Because of how big a problem human trafficking was becoming, China has pretty well limited international adoptions to special needs only. I think that was a smart move on China's part and are happy to adopt special needs because those kids really do need homes. One of the first steps we had to take was to fill out a Medical Needs Form. It's basically pages of medical conditions, most we've never heard of, that we had to check "yes" or "no" to. First we had to look up what each condition was, then go through and decide what we were willing to take on. But thinking about your future child, and going through a list like that is hard! Would you really want to say no to a child just because they are missing a leg? Or have dextrocardia? Or are an albino? If we had a biological child with any of those conditions, we wouldn't turn them away. So the first time through the list we starting checking "yes" to a lot of things... but then we remembered that we have four other kids to think about, and we knew we didn't want this adoption to have a negative impact on them... so we started unchecking some conditions, like albinism... we are outdoors people, and you have to keep albinos out of the sun... that would drastically change how we spend time together as a family. We've gone back and forth on some conditions several times. It's just so hard knowing that there are kids with these medical needs that need a home, all while trying to be realistic about what is best for your family. It's heart wrenching to know that a good number of the kids with the most severe problems will never have a family.
When we were told that a family had decided to move forward with Luo's adoption, we were sad. We were told so many times that it would be a miracle if we got him, so we weren't surprised when we didn't, but it's hard to feel so strongly about a child, and then have to forget about him and start thinking if not him, who? We did start looking at other children's photo-listings. There have been a few that have made their way into our hearts. The first was a boy named George with clubbed feet. Something about his picture drew me to him. He was listed with an agency that we weren't interested in working with, but Ryan and I both liked George. A few days ago his picture was moved to the "Angels" page. Meaning, he had passed away. Apparently George also had a heart condition that we didn't know about. Sweet little George, whose picture we had gone back to, over and over, died without a family of his own to mourn for him. Heart wrenching.

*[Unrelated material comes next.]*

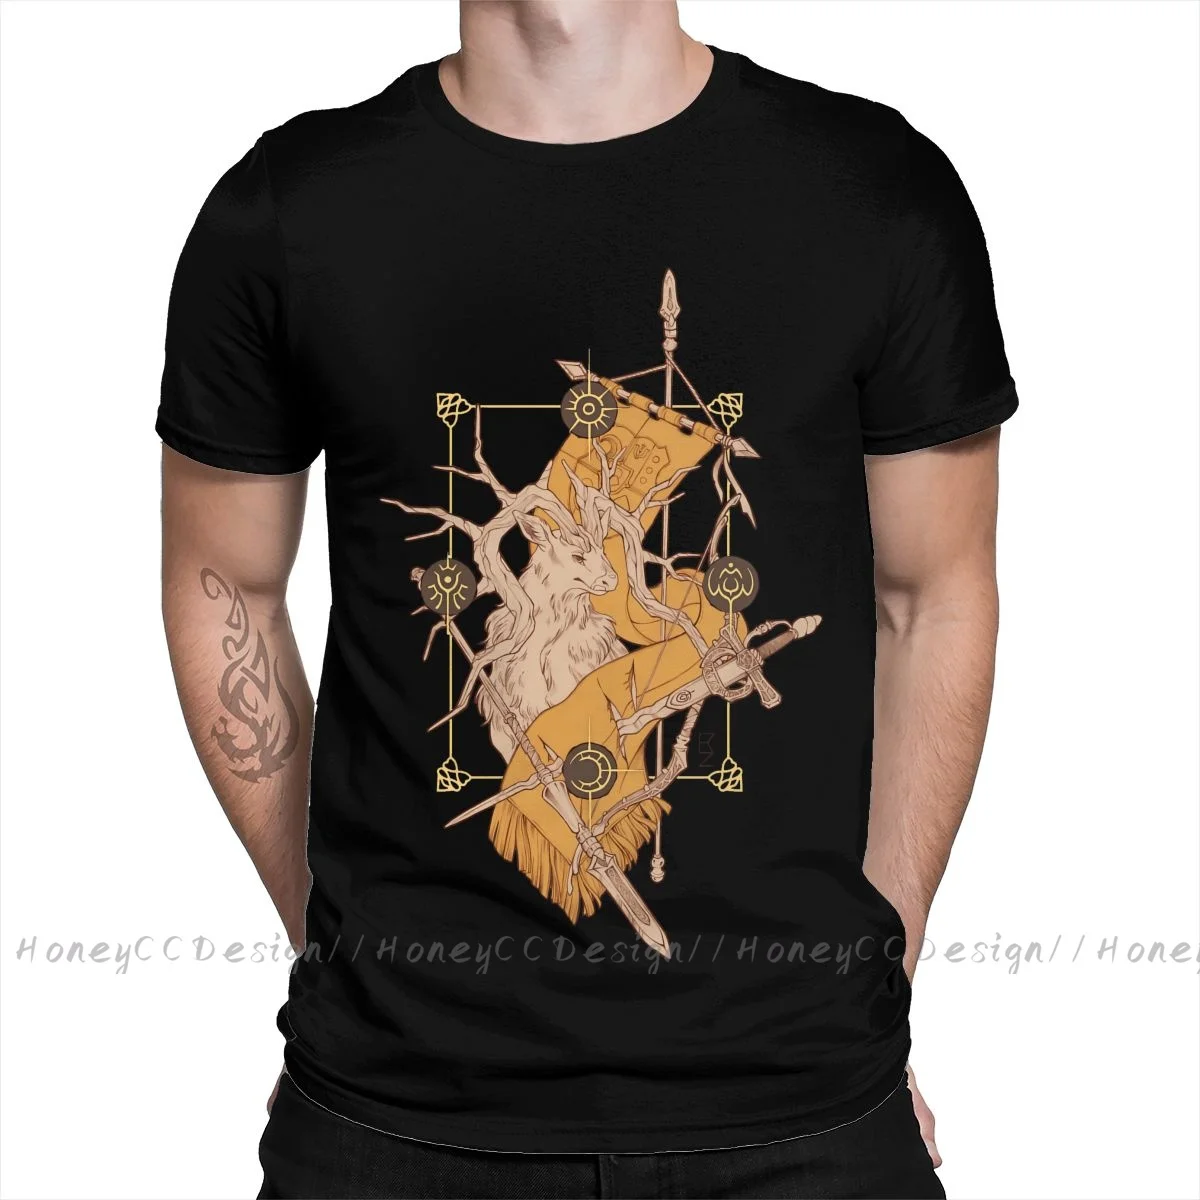 

Fire Emblem Print Cotton T-Shirt Camiseta Hombre Tribute To The Golden Deer For Men Fashion Streetwear Shirt Gift

Then there was Timothy. His pleasant/mischievous/happy smile completely won us over. Ryan was especially taken with Timothy. But information on Timothy was limited to a few photos, a 16 second video of him playing peek-a-boo, and a reference to the fact that a second CT scan was not needed. What the first CT scan was for, we didn't know. We requested more information, but the woman in charge of his file was in China and we had to wait for her to get home. The days we had to wait for his file, Ryan and I watched those 16 seconds of peek-a-boo over and over with silly smiles on our faces wondering if Lou doesn't get to be ours, could Timothy possibly be? When we finally got his file and read through it, we knew right away that Timothy's needs would probably exceed our current abilities. We knew it wasn't right (heart wrenching), but we will always remember and love darling Timothy and pray that another family will love him and adore him too.